Nesse ambiente, se o material que compõe as LLVP fosse demasiado denso, não seria capaz de se amontoar nas formações irregulares em que aparece, diz Desch. E se a sua densidade fosse suficientemente baixa, misturar-se-ia simplesmente com o manto em agitação.

A questão era esta: qual seria a densidade do material deixado para trás por Theia? E podia coincidir com a densidade das LLVP?

(Desch tinha escrito o seu próprio artigo em 2019 que procurava descrever a densidade do material que Theia teria deixado para trás.)

Os investigadores buscaram modelagem de alta definição com 100 a 1.000 vezes mais resolução do que suas tentativas anteriores, diz Yuan. Os cálculos se alinharam: se Theia tivesse um determinado tamanho e consistência e atingisse a Terra a uma velocidade específica, os modelos mostravam que podia, de facto, deixar para trás enormes pedaços das suas entranhas no manto da Terra e também gerar os detritos que iriam criar a nossa Lua.

"Isso foi muito, muito, muito excitante", diz Yuan. "Nunca tinha sido feito antes."

Construir uma teoria

O estudo que Yuan publicou esta semana inclui coautores de várias disciplinas em várias instituições, incluindo o Estado do Arizona, o Caltech, o Observatório Astronómico de Xangai e o Centro de Investigação Ames da NASA.

Quando lhe perguntaram se espera encontrar resistência ou controvérsia sobre um conceito tão inovador - que placas de material de um antigo planeta extraterrestre estejam escondidas nas profundezas da Terra -, Yuan respondeu: "Também quero sublinhar que se trata de uma ideia, de uma hipótese. Não há forma de provar que seja esse o caso.
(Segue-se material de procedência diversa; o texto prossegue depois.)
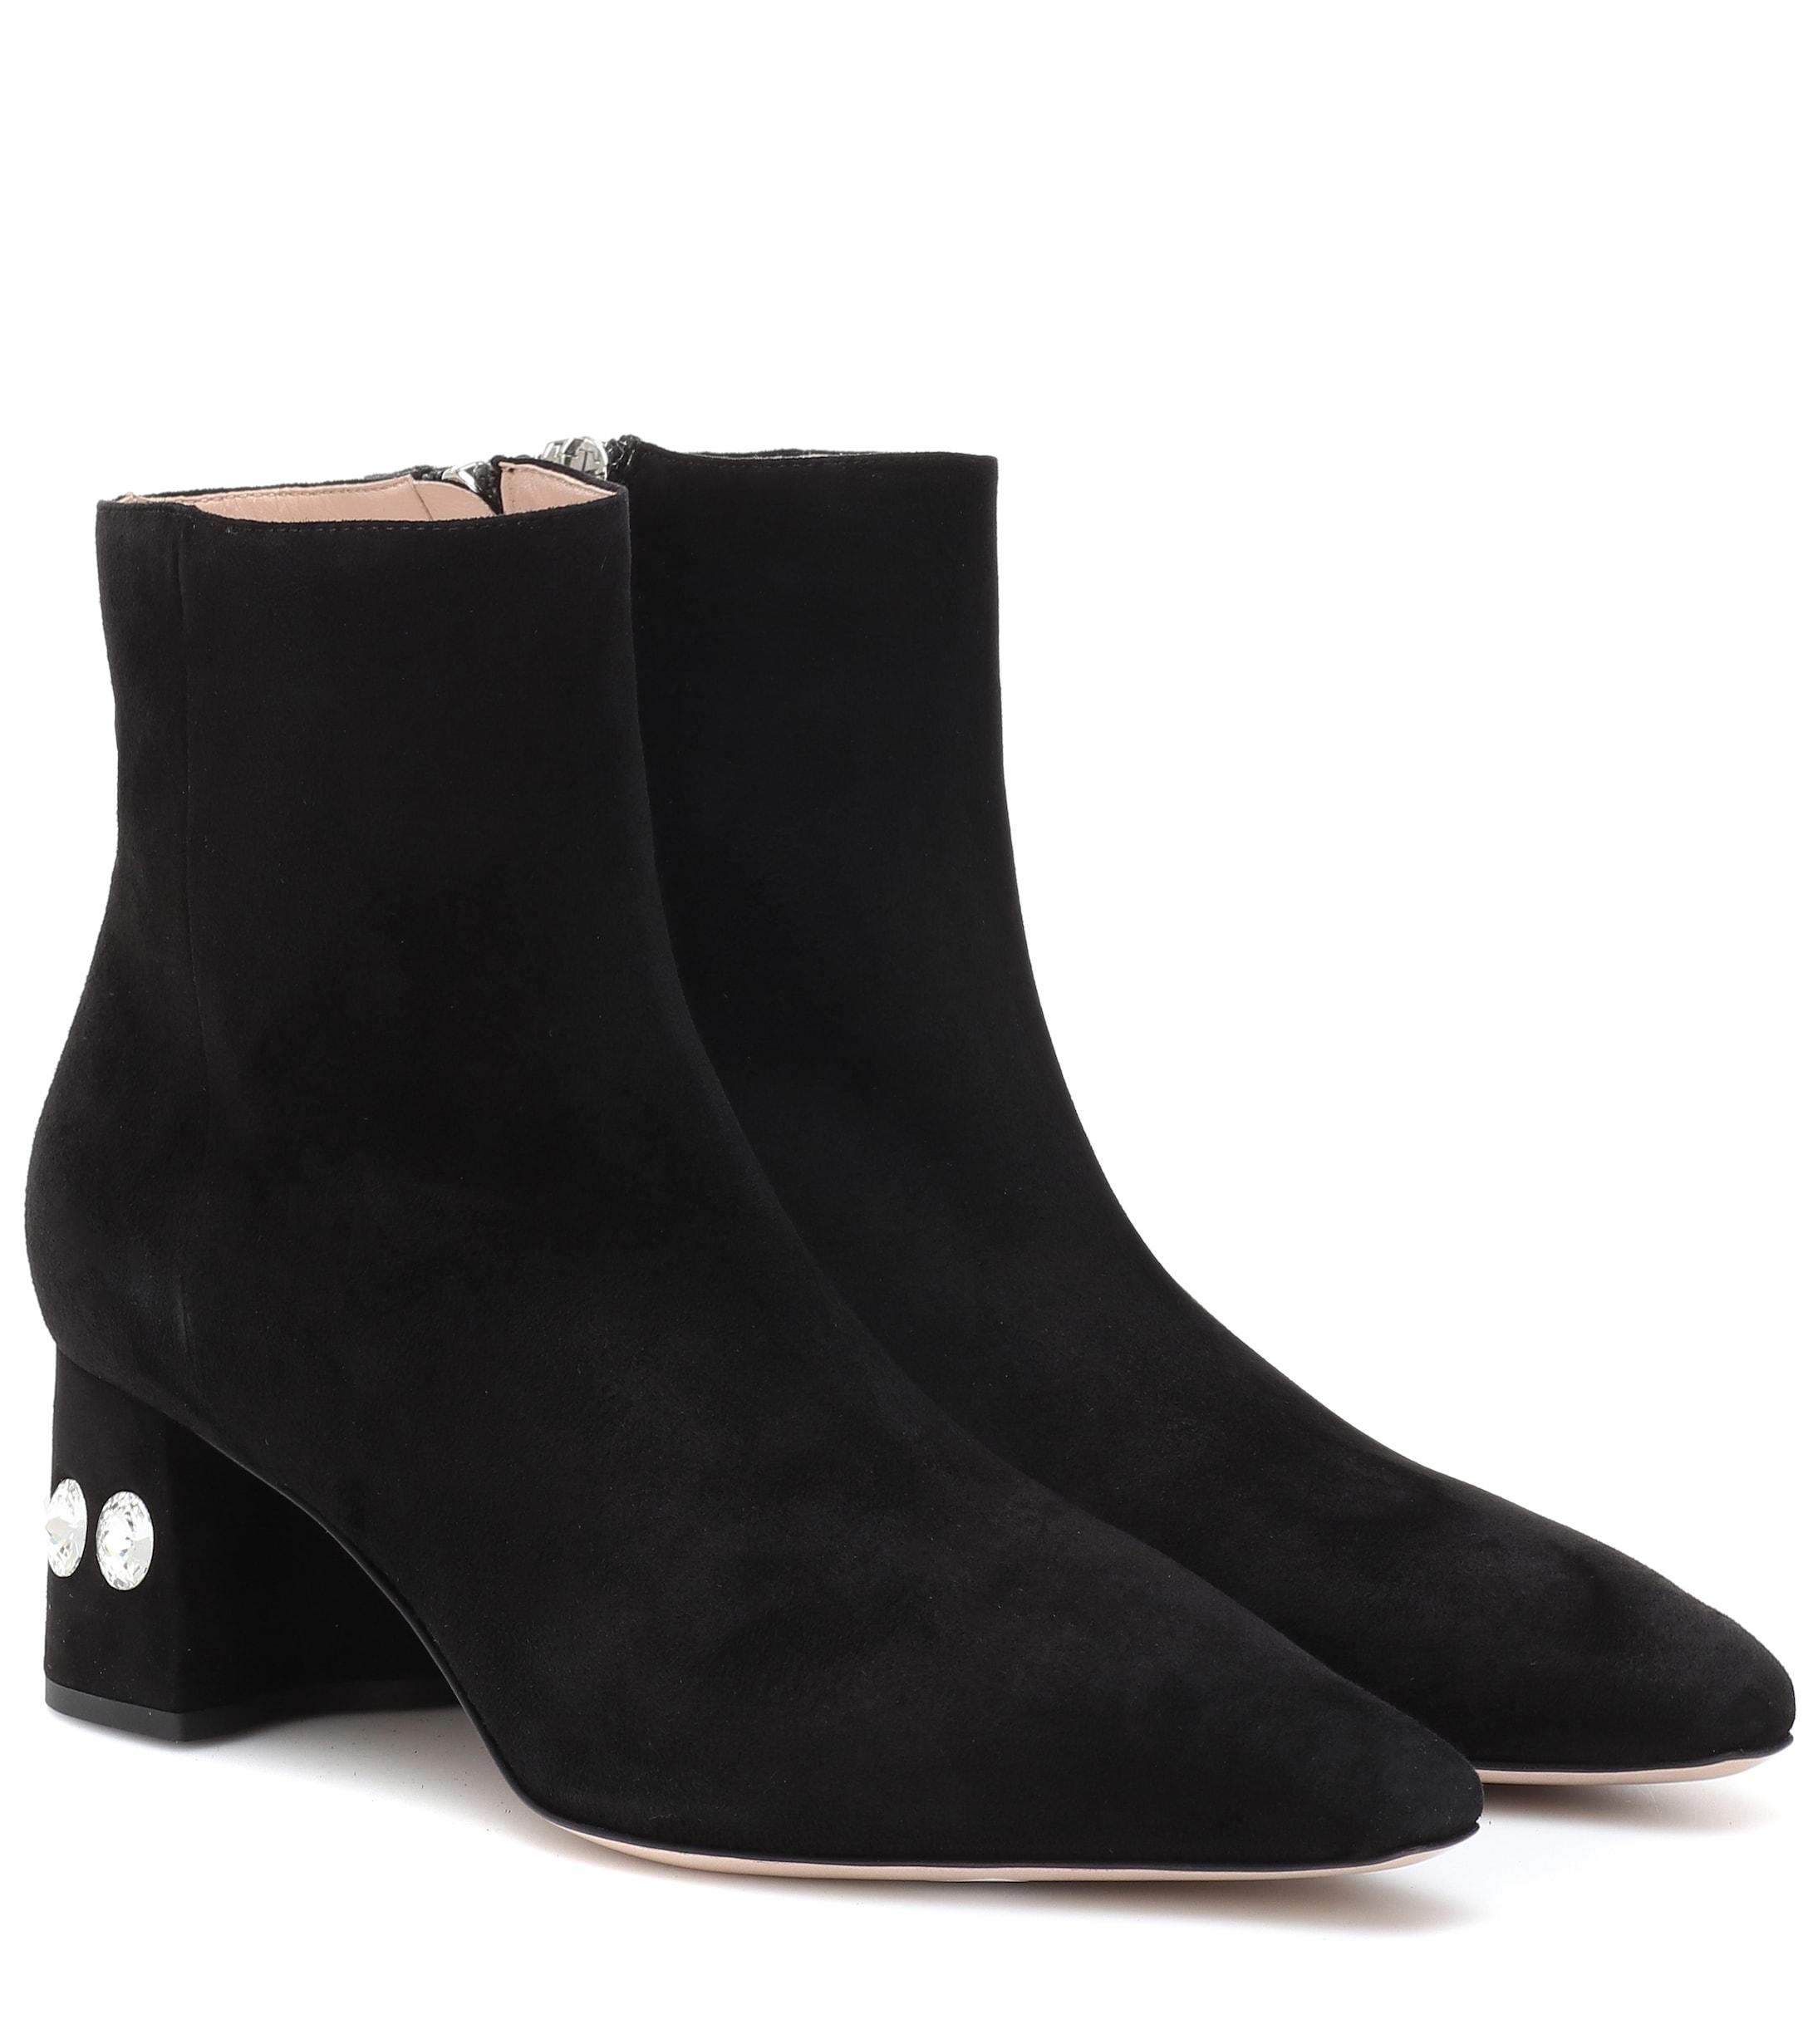 Miu Miu Embellished Suede Ankle Boots in Black - Lyst
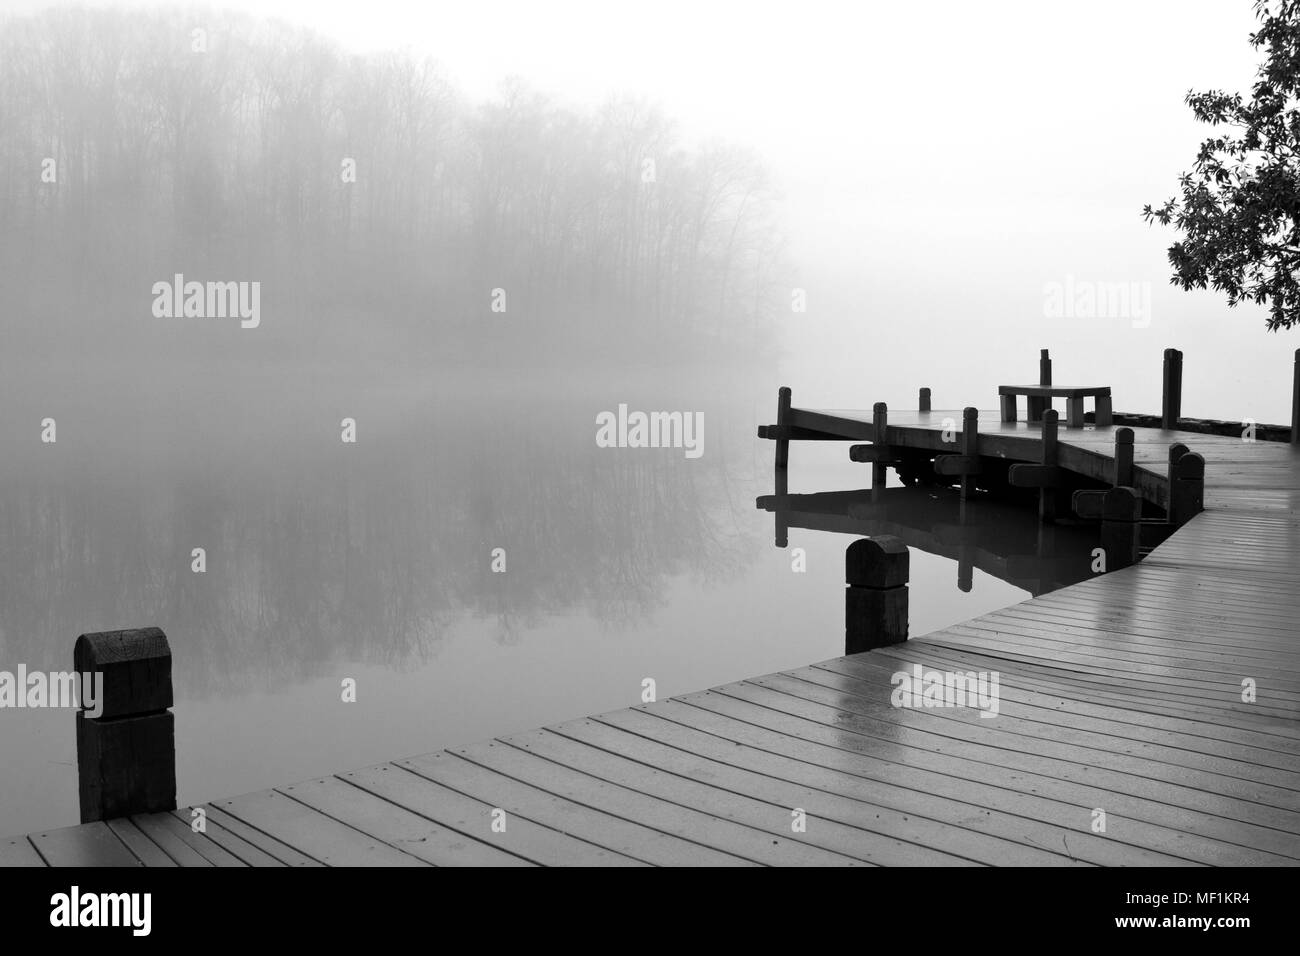 Fog covers a lake and wooden deck on a dreary winter day. Stock Photo
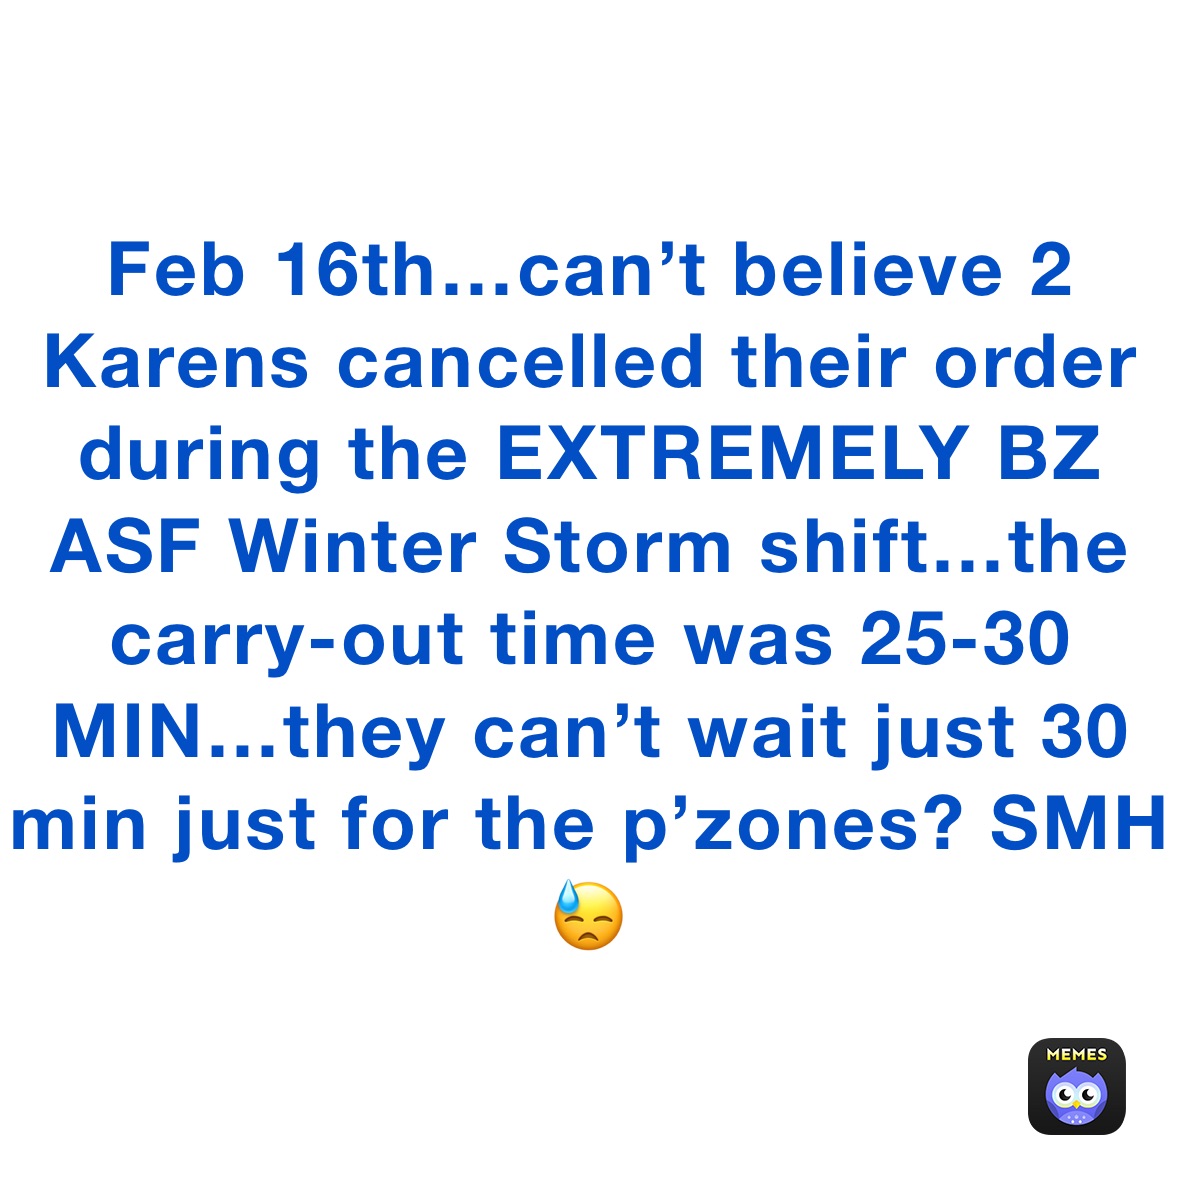 Feb 16th…can’t believe 2 Karens cancelled their order during the EXTREMELY BZ ASF Winter Storm shift…the carry-out time was 25-30 MIN…they can’t wait just 30 min just for the p’zones? SMH😓

Convido outras pessoas a fazerem isto - esta investigação".

Desch acrescenta que "este trabalho é convincente, é um caso muito forte". Até parece "um pouco óbvio em retrospetiva".

Seth Jacobson, professor assistente de ciência planetária na Universidade Estatal do Michigan, reconhece que a teoria pode, no entanto, não ser aceite em breve.

"Estas LLVP são elas próprios uma área de investigação muito ativa", afirma Jacobson, que não esteve envolvido no estudo. E as ferramentas utilizadas para as estudar estão em constante evolução.

A ideia de que Theia criou as LLVP é sem dúvida uma hipótese excitante e apelativa, acrescenta, mas não é a única que existe.

Uma outra teoria, por exemplo, postula que as LLVP são na realidade montes de crosta oceânica que se afundaram nas profundezas do manto ao longo de milhares de milhões de anos.

"Duvido que os defensores de outras hipóteses sobre a formação das LLVP as abandonem só porque esta apareceu", acrescenta Jacobson. "Penso que vamos continuar a debater isto durante algum tempo."